In addition, DIF statistics employing an IRT framework confirmed that items 1 and 9 do not measure BA in the same manner for men and women. Given that women are expected to score higher ratings of item 1, lower levels of BA are required to endorse each category (i.e., never, seldom, sometimes, etc.). Moreover, significantly different discrimination parameters between men and women in item 9 suggest that at similar levels of the latent trait men and women respond differently. That is, women with low levels of BA are more likely to endorse not feeling “comfortable in [her] body” compared to men. Similarly, women with high levels of BA are more likely to endorse feeling “comfortable in [her] body” compared to men. These results further suggest that item 1 and 9 should be calibrated/revised to obtain comparable levels of BA across men and women with the BAS-2.

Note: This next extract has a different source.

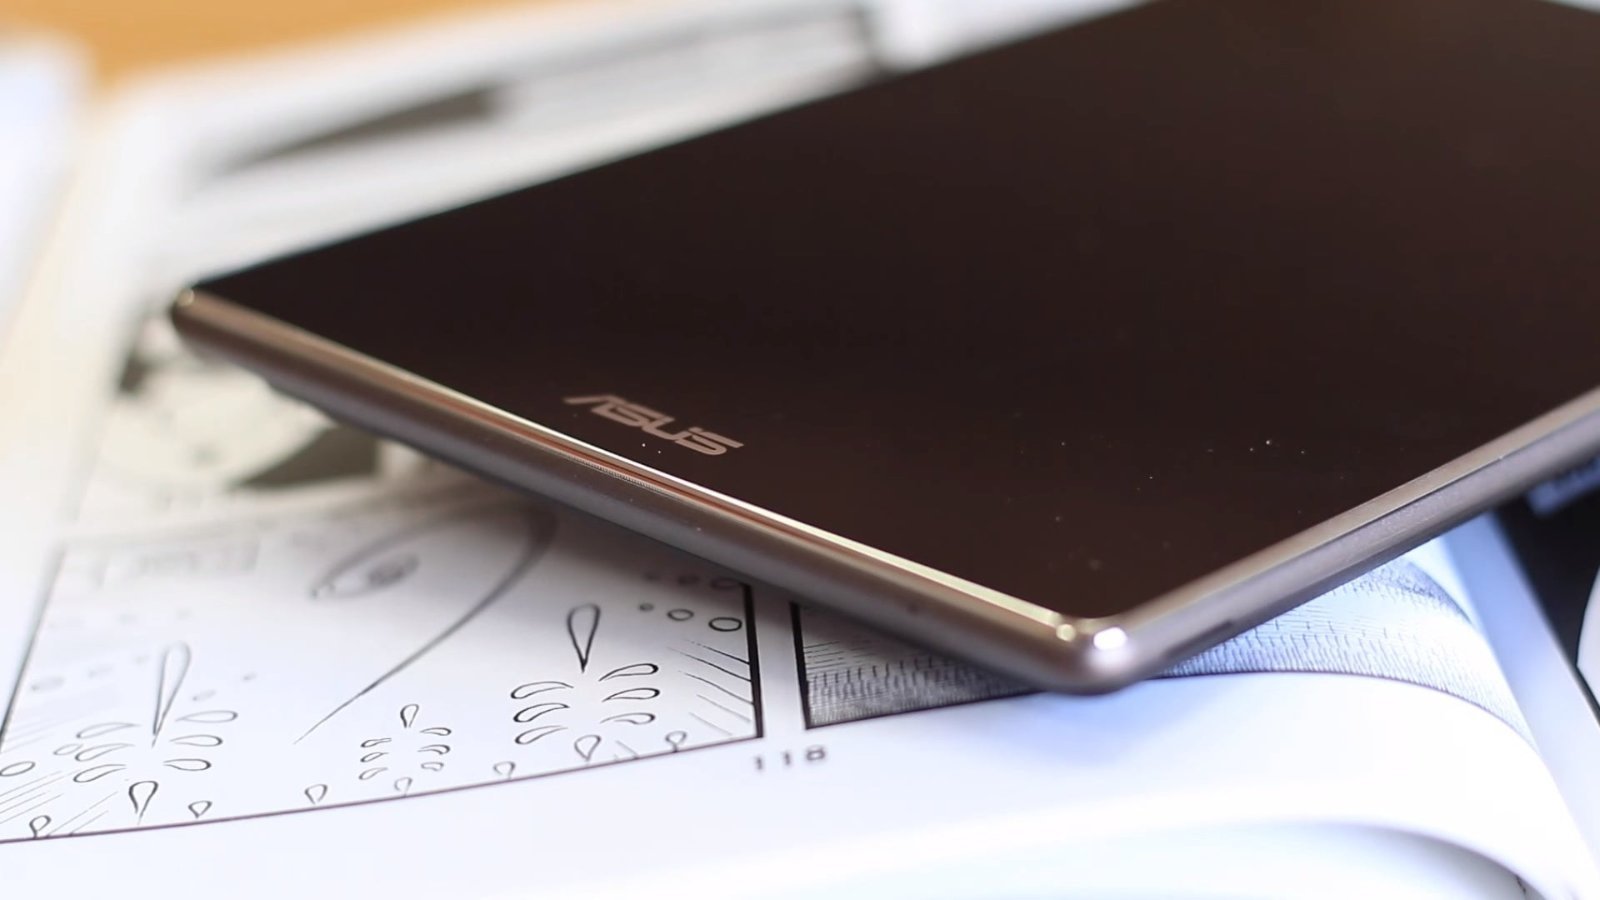 ASUS ZenPad 8, análisis de una tablet Android de calidad a precio reducido
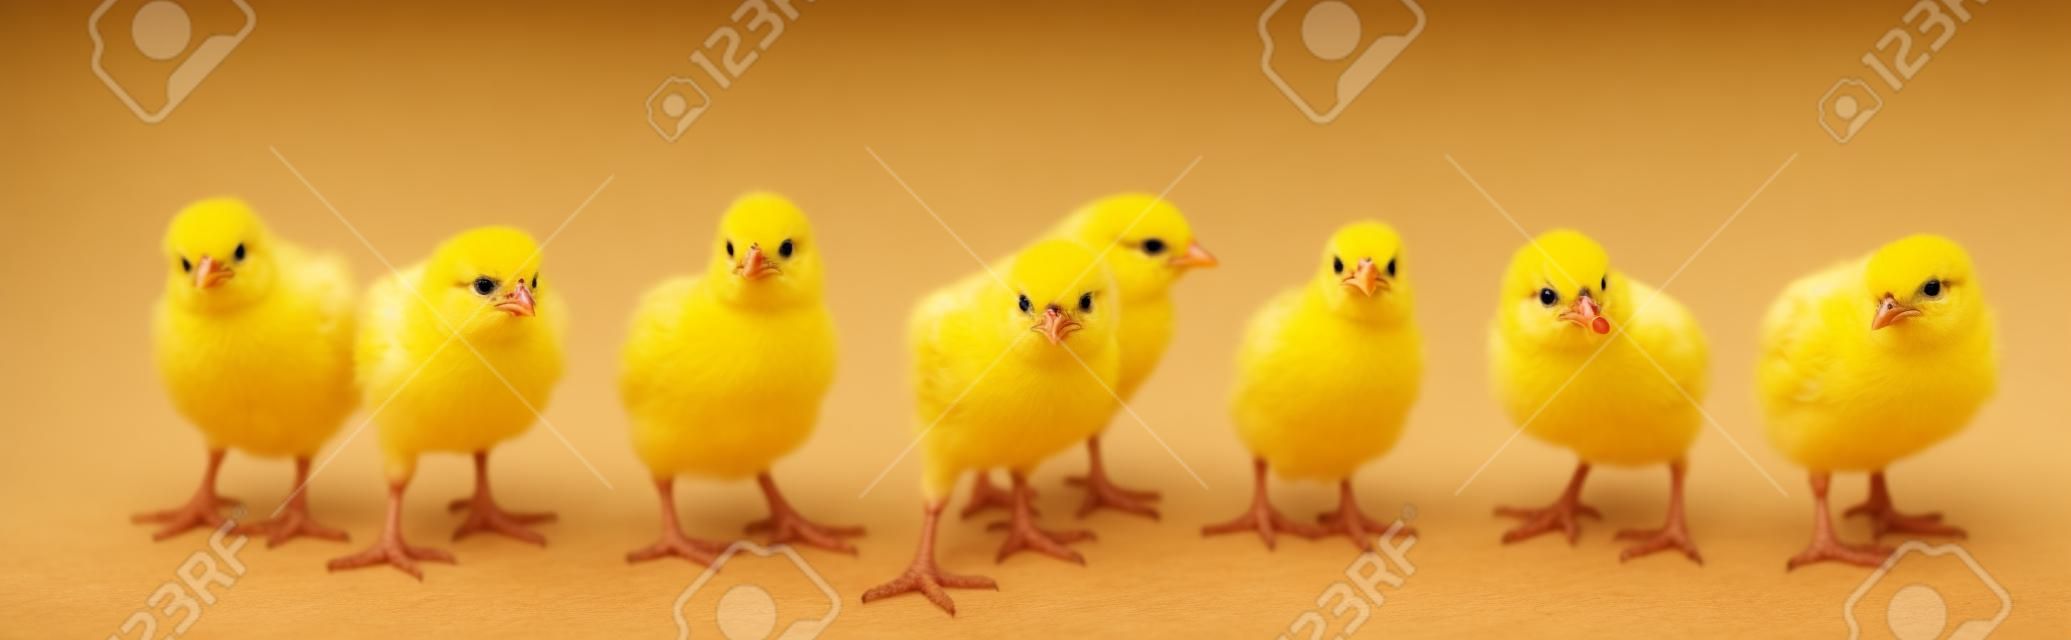 Soğuk papağan küçük sarı civcivler, beyaz zemin üzerinde izole. Çiftlik kuluçka makinesi yürümekte tavuklar.

Scale and item discrimination, difficulty, and reliability
IRT findings identified variability across BAS-2 items when considering different levels of BA within participants. Considering that IRT principles relate to the identification of most appropriate items for the evaluation of a specific level of a latent trait, items were evaluated and ranked in relation to their discrimination, difficulty, and reliability . The descending order of items’ discrimination power was 4, 6, 2, 3, 9, 10, 8, 7, 1 and 5, suggesting that items invoking positive feelings (item 6 “I feel love for my body”, item 2 “I feel good about my body”, and item 3 “I feel that my body …”) and clear statements reflecting dispositional attitude (item 4 “I take a positive attitude toward my body”) are able to capture BA levels more effectively as the criterion increases in the individual. Further, while the level of difficulty of endorsing an item increased between the first (never) and last options (always) of the Likert scale, the sequence of item difficulty varied across thresholds. That is, the ascending order of endorsed items between the first (never) and second (seldom) options of the Likert scale was 6, 10, 9, 8, 2, 4, 3, 1, and 5. However, the ascending order of endorsed items between the fourth (“often”) and last (“always”) options of the Likert scale was 3, 4, 10, 9, 1, 6, 7, 5, 8, and 2. This suggests that participants felt more inclined to endorse “never” or “seldom” loving their body or feeling beautiful than respecting their body or being attentive to their body needs. Alternatively, participants felt more inclined to endorse “often” or “always” seeing good qualities and taking a positive attitude towards their bodies than feeling good about their bodies. Therefore, it is proposed that items should be interpreted differently when conducting clinical assessment of BA.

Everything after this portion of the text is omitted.